Cluster Configuration

In a hot standby configuration, the AIX processor node that is the takeover node is not running any other workload. In a mutual takeover configuration, the AIX processor node that is the takeover node is running other workloads.

Generally, DB2 Universal Database Enterprise - Extended Edition (UDB EEE) runs in mutual takeover mode with partitions on each node. One exception is a scenario in which the catalog node is part of a hot standby configuration.

When planning a large DB2 installation on an RS/6000 SP using HACMP ES, you need to consider how to divide the nodes of the cluster within or between the RS/6000 SP frames. Having a node and its backup in different SP frames allows takeover in the event one frame goes down (that is, the frame power/switch board fails). However, such failures are expected to be exceedingly rare, because there are N+1 power supplies in each SP frame, and each SP switch has redundant paths, along with N+1 fans and power. In the case of a frame failure, manual intervention may be required to recover the remaining frames. This recovery procedure is documented in the SP Administration Guide. HACMP ES provides for recovery of SP node failures; recovery of frame failures is dependent on the proper layout of clusters within one or more SP frames.

Another planning consideration is how to manage big clusters. It is easier to manage a small cluster than a big one; however, it is also easier to manage one big cluster than many smaller ones. When planning, consider how your applications will be used in your cluster environment. If there is a single, large, homogeneous application running, for example, on 16 nodes, it is probably easier to manage the configuration as a single cluster rather than as eight two-node clusters. If the same 16 nodes contain many different applications with different networks, disks, and node relationships, it is probably better to group the nodes into smaller clusters. Keep in mind that nodes integrate into an HACMP cluster one at a time; it will be faster to start a configuration of multiple clusters rather than one large cluster. HACMP ES supports both single and multiple clusters, as long as a node and its backup are in the same cluster.

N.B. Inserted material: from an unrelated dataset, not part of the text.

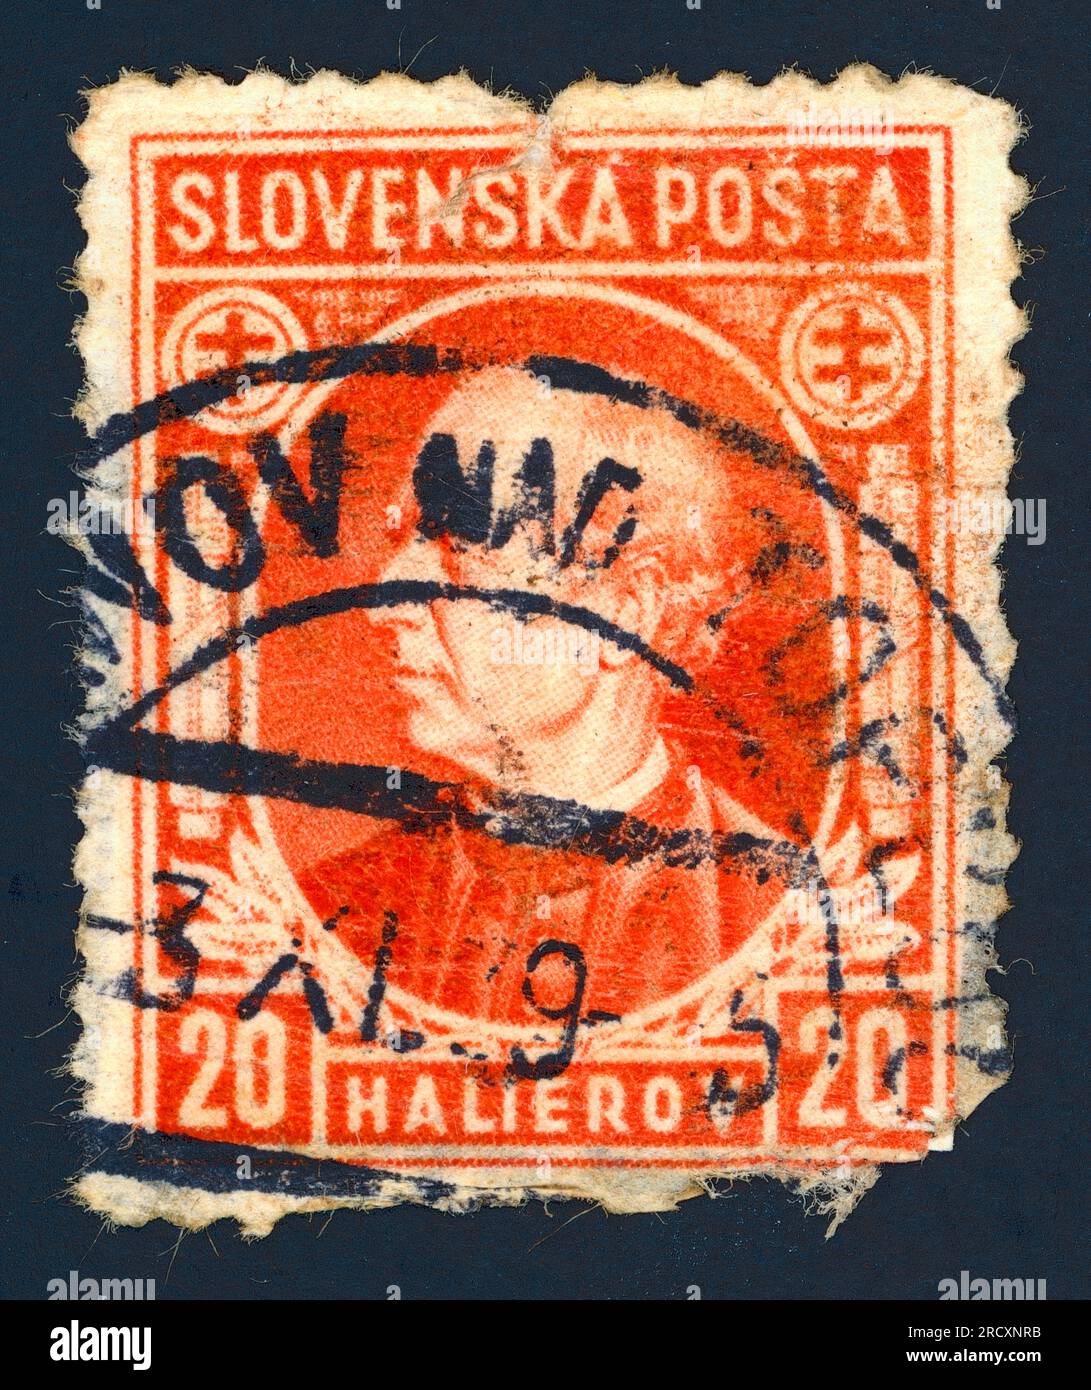 Andrej Hlinka (born András Hlinka (1864 – 1938) was a Slovak Catholic priest, journalist, banker, politician, and one of the most important Slovakian public activists in Czechoslovakia before the Second World War. A stamp issued in the First Slovak Republic (1939 – 1945). Stock Photo

HACMP ES failover recovery allows pre-defined (also known as cascading) assignment of a resource group to a physical node. The failover recovery procedure also allows floating (or rotating) assignment of a resource group to a physical node. IP addresses, and external disk volume groups, or file systems, or NFS file systems, and application servers within each resource group specify either an application or an application component, which can be manipulated by HACMP ES between physical nodes by failover and reintegration. Failover and reintegration behavior is specified by the type of resource group created, and by the number of nodes placed in the resource group.

For example, consider a DB2 database partition (logical node). If its log and table space containers were placed on external disks, and other nodes were linked to those disks, it would be possible for those other nodes to access these disks and to restart the database partition (on a takeover node). It is this type of operation that is automated by HACMP. HACMP ES can also be used to recover NFS file systems used by DB2 instance main user directories.

Read the HACMP ES documentation thoroughly as part of your planning for recovery with DB2 UDB EEE. You should read the Concepts, Planning, Installation, and Administration guides, then build the recovery architecture for your environment. For each subsystem that you have identified for recovery, based on known points of failure, identify the HACMP clusters that you need, as well as the recovery nodes (either hot standby or mutual takeover). This is a starting point for completing the HACMP worksheets that are included in the documentation.

It is strongly recommended that both disks and adapters be mirrored in your external disk configuration. For DB2 physical nodes that are configured for HACMP, care is required to ensure that nodes on the volume group can vary from the shared external disks. In a mutual takeover configuration, this arrangement requires some additional planning, so that the paired nodes can access each other's volume groups without conflicts. For DB2 UDB EEE, this means that all container names must be unique across all databases.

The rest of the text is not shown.